Population (2026-01-01)
- • Total: 2,159
- • Density: 95.40/km^{2} (247.1/sq mi)
- Time zone: UTC+1 (CET)
- • Summer (DST): UTC+2 (CEST)
- Postal code: 756 41
- Website: www.obec-lesna.cz

= Lešná =

Lešná is a municipality and village in Vsetín District in the Zlín Region of the Czech Republic. It has about 2,100 inhabitants.

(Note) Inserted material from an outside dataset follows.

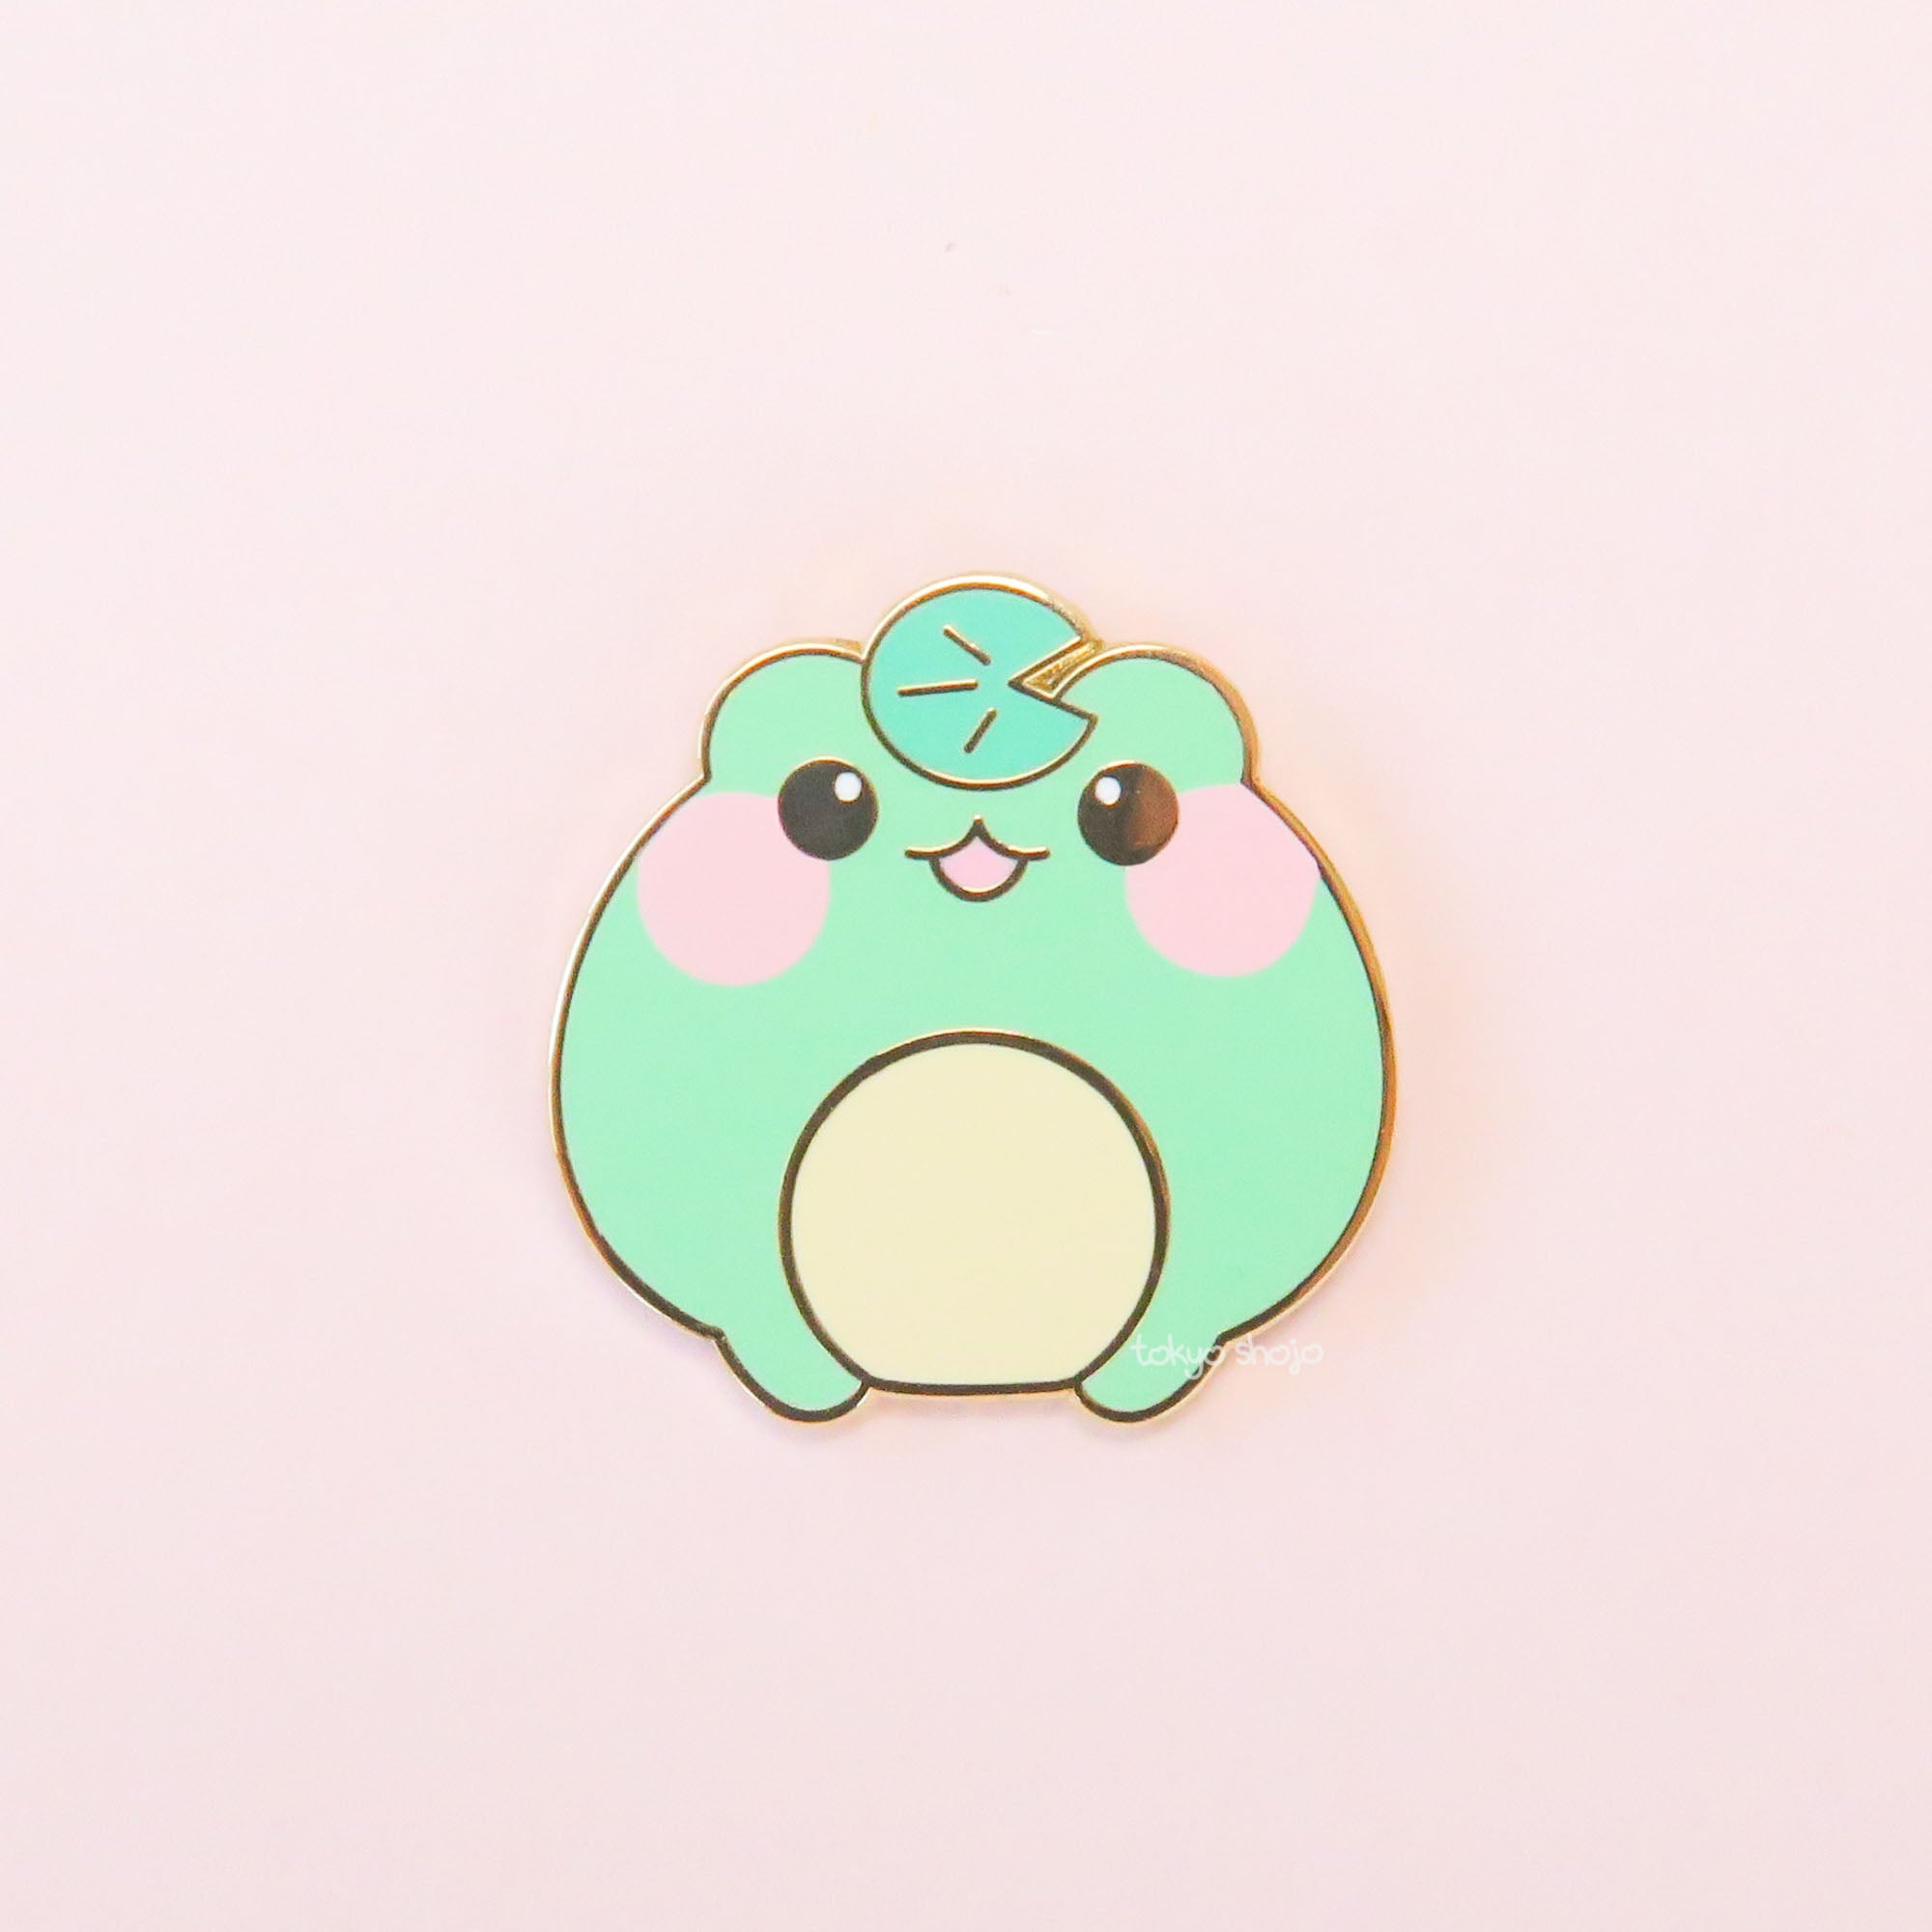 [Tokyo Shojo] Tsuyu the Frog Pin

==Administrative division==
Lešná consists of seven municipal parts (in brackets population according to the 2021 census):

- Lešná (719)
- Jasenice (394)
- Lhotka nad Bečvou (214)
- Mštěnovice (143)
- Perná (254)
- Příluky (113)
- Vysoká (170)

==Geography==
Lešná is located about 9 km southwest of Nový Jičín and 20 km north of Vsetín. It lies in the Moravian-Silesian Foothills. The highest point is at 466 m above sea level. The municipality is situated on the right bank of the Bečva River.

==History==
The first written mention of Lešná is from 1355. From 1481 to 1628, it was owned by the Pražma family. In 1621, the army of King Ferdinand II burned Lešná in retaliation for Beneš Pražma's resistance against the king. In 1628–1641, Lešná was a property of Martin Půhončí of Předností, who took care of the restoration of the destroyed estate. He had rebuilt the local fortress into a Renaissance castle and had rebuilt the church. In the following centuries, the owners of the estate often changed. The last owners before the establishment of an independent municipality were the Kinsky family (1887–1945).

==Transport==
The I/35 road (part of the European route E442), which connects the D1 motorway with Valašské Meziříčí and the Czech-Slovak border, runs through the municipality.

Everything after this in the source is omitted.